South Africa’s Die Antwoord first made a splash in the States earlier this year with their stunningly edited, sometimes-creepy video for “Enter the Ninja.” The song, a mix of rave, rap and the uniquely childlike voice of the duo’s female contingent, Yo-Landi Vi$$er, was only an introduction into their world.
“Our style is incredibly, like, WWF, too fast, too furious, but the ingredients are South African,” rapper Ninja told MTV News about the band’s sound and aesthetic.
They’re also heavily rooted in the Zef subculture. “Zef is, like, a style,” he explained, “but it’s got a lot of … it’s got like a look. It’s a South African style that we just kind of … it’s broken around and we kind of stuck it together. But there’s a whole Zef language.”

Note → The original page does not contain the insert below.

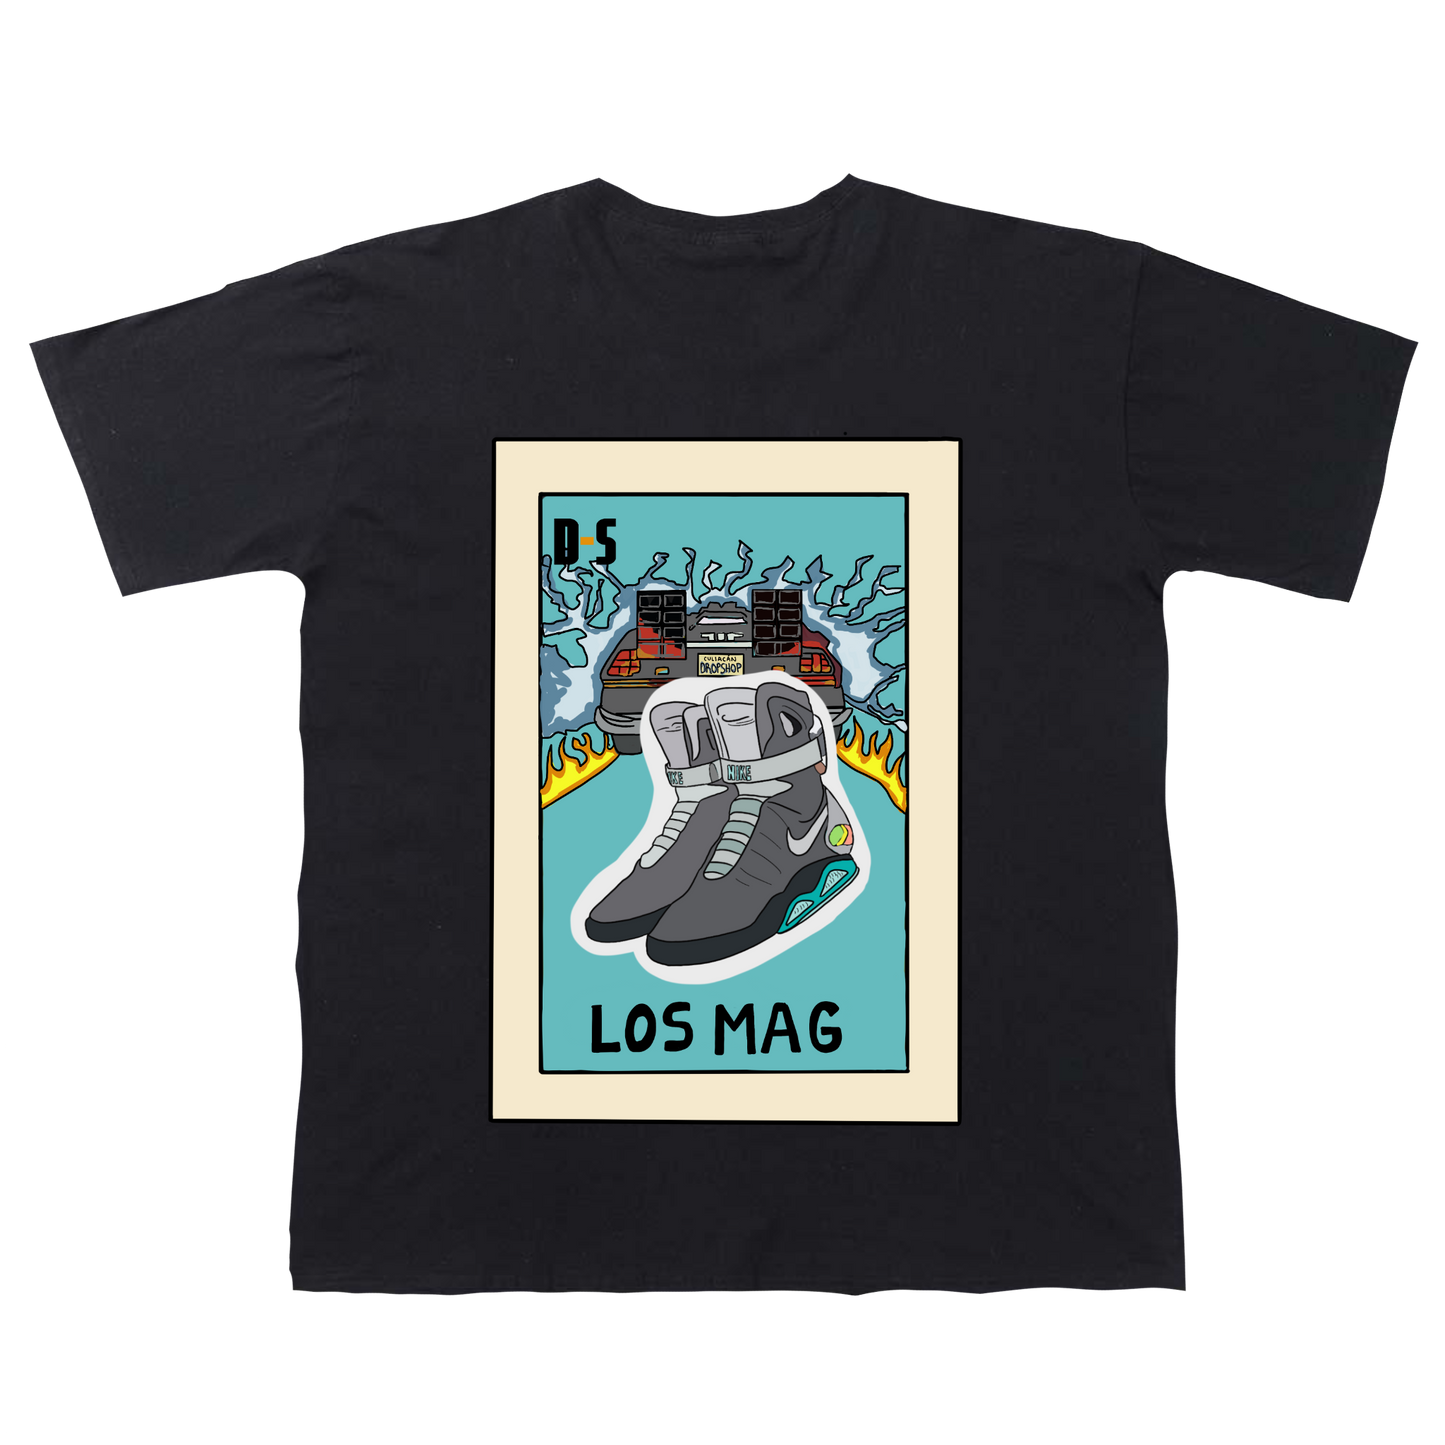 "Los Mag" T-shirt

The slang is an integral part of the Die Antwoord canon and is featured heavily throughout their major-label debut, $O$.
Because their American fans — they admit they first broke out Stateside before their popularity grew back home — aren’t privy to some of the vernacular, we had them translate some popular Zef words and phrases.
” ’Vat pomp': When you say ’What’s up,’ like, ’Hello,’ we say ’Vat pomp.’ It means, like, ’What’s pumping?’ ” Ninja explained. “But they’re not actual words. They’re slang words, but there’s lots of them.”
The band has pitched in to make sure nothing gets lost in translation. “We started to notice that the Zef slang is kind of like — if you know ’Lord of the Rings,’ it’s kind of like learning the Elvish alphabet,” Ninja said. “So we put all our translations, ’cause people always don’t know what we’re talking about … [on] our interwebs on DieAntwoord.com. It’s all our lyrics with Zef translations to help people understand. People enjoy that kind of thing. It’s like a whole world opens up.”